Methods: MTT assay and colony formation assays were performed to determine the effect of honey on proliferation of human PanCa cells (AsPc-1 and MiaPaCa-2). Wound healing assay was performed to evaluate the antimigratory potential of honey against PanCa cells. Western blot and qPCR assays were performed to determine the effect of honey on the regulation of ribosome biogenesis, cell proliferation, and apoptosis in PanCa cells.

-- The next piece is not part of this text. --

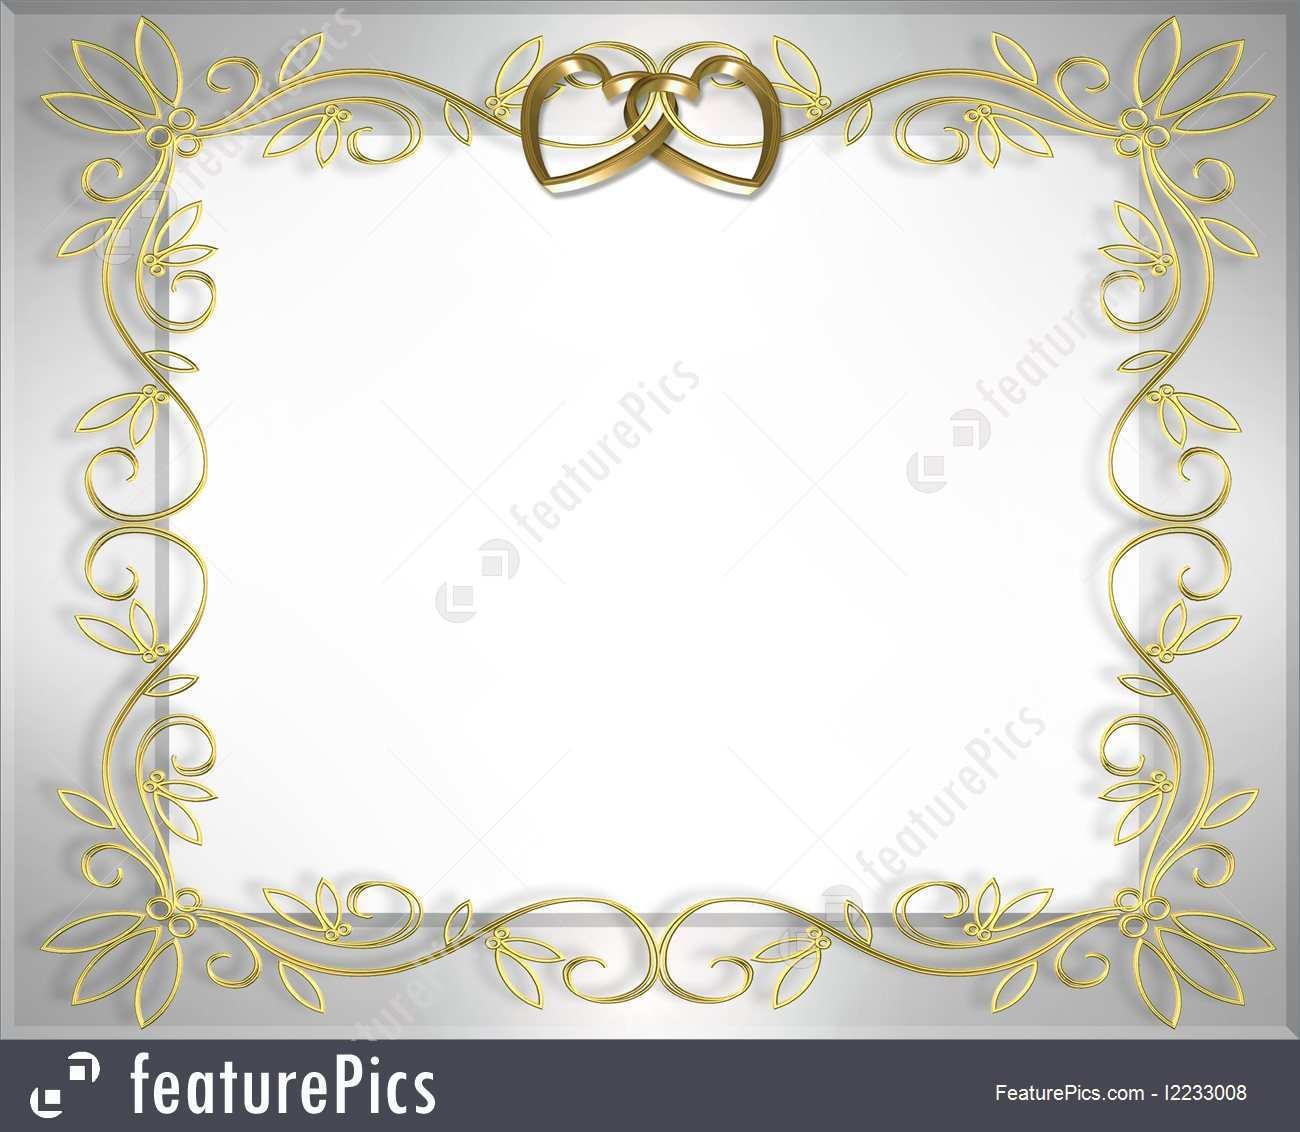 68 Customize Wedding Invitation Template Background in Word for Wedding Invitation Template Background
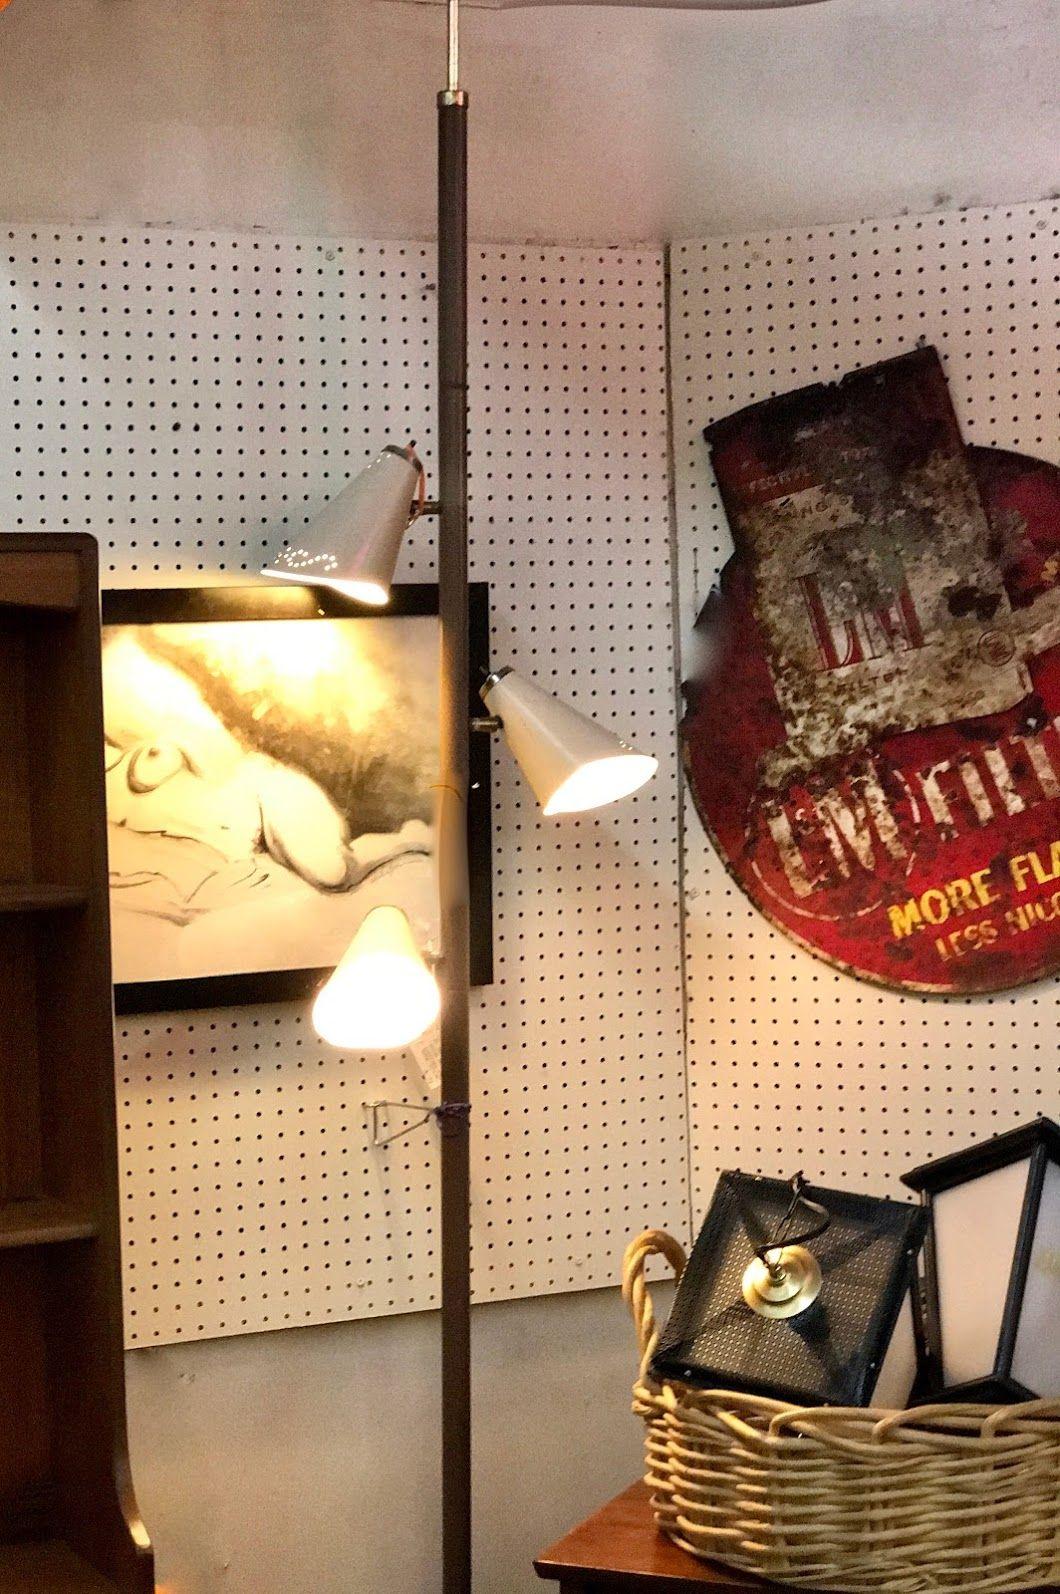 Vintage Tension Pole Floor Lamp $75 Mid Century Dallas Booth 766 Lula B's 1010 N. Riverfront Blvd. Dallas, TX 75207

Results: Ribosome biogenesis is dysregulated in most cancer types, which results in aggressive metastatic phenotypes seen in cancer cells. We observed that the transcription factor UBTF and other ribosome biogenesis components were aberrantly overexpressed in pancreatic tumor tissues as compared to normal pancreatic tissues. These associations are linked to aggressive phenotypes seen in PanCa cells. Interestingly, we observed that honey treatment significantly suppressed ribosome biogenesis in PanCa cells as observed by significant decrease in UBTF and 5’-ETS expression. Honey treatment markedly inhibited the expression of RPA194, a catalytic unit of RNA polymerase I, and nucleolin in both AsPC-1 and MiaPaCa-2 cells. MTT analysis indicated that honey exerted dose-dependent cellular cytotoxicity in AsPc-1 and MiaPaCa-2 cells, with IC50 values 45.2 and 30.3 mg/ml, respectively. In addition to its potential cytotoxicity, honey treatment clearly interfered with the wound healing and clonogenic ability of these PanCa cells as demonstrated by wound healing and colony formation assays. We also observed that honey treatment induced apoptosis in AsPC-1 and MiaPaCa-2 cells, which was confirmed by the the increase of the population of Annexin V positive cells and cleavage of PARP protein. A decrease in expression of Bcl-2 and p53 (truncated in AsPc-1 and mutated in MiaPaCa-2) also indicated that these cancer cells were undergoing apoptosis.

Conclusions: Overall, our results demonstrated for the first time that honey has potential to induce apoptosis and prevent pancreatic cancer cell growth through modulation of ribosome biogenesis process. It implies that honey could be used as a natural remedy to prevent human pancreatic cancer and utilized as an adjuvant in ongoing chemo/-immunotherapy regimens. Further detailed studies using appropriate pre-clinical mouse models of PanCa will be warranted to establish its anti-cancer potential for the treatment of PanCa.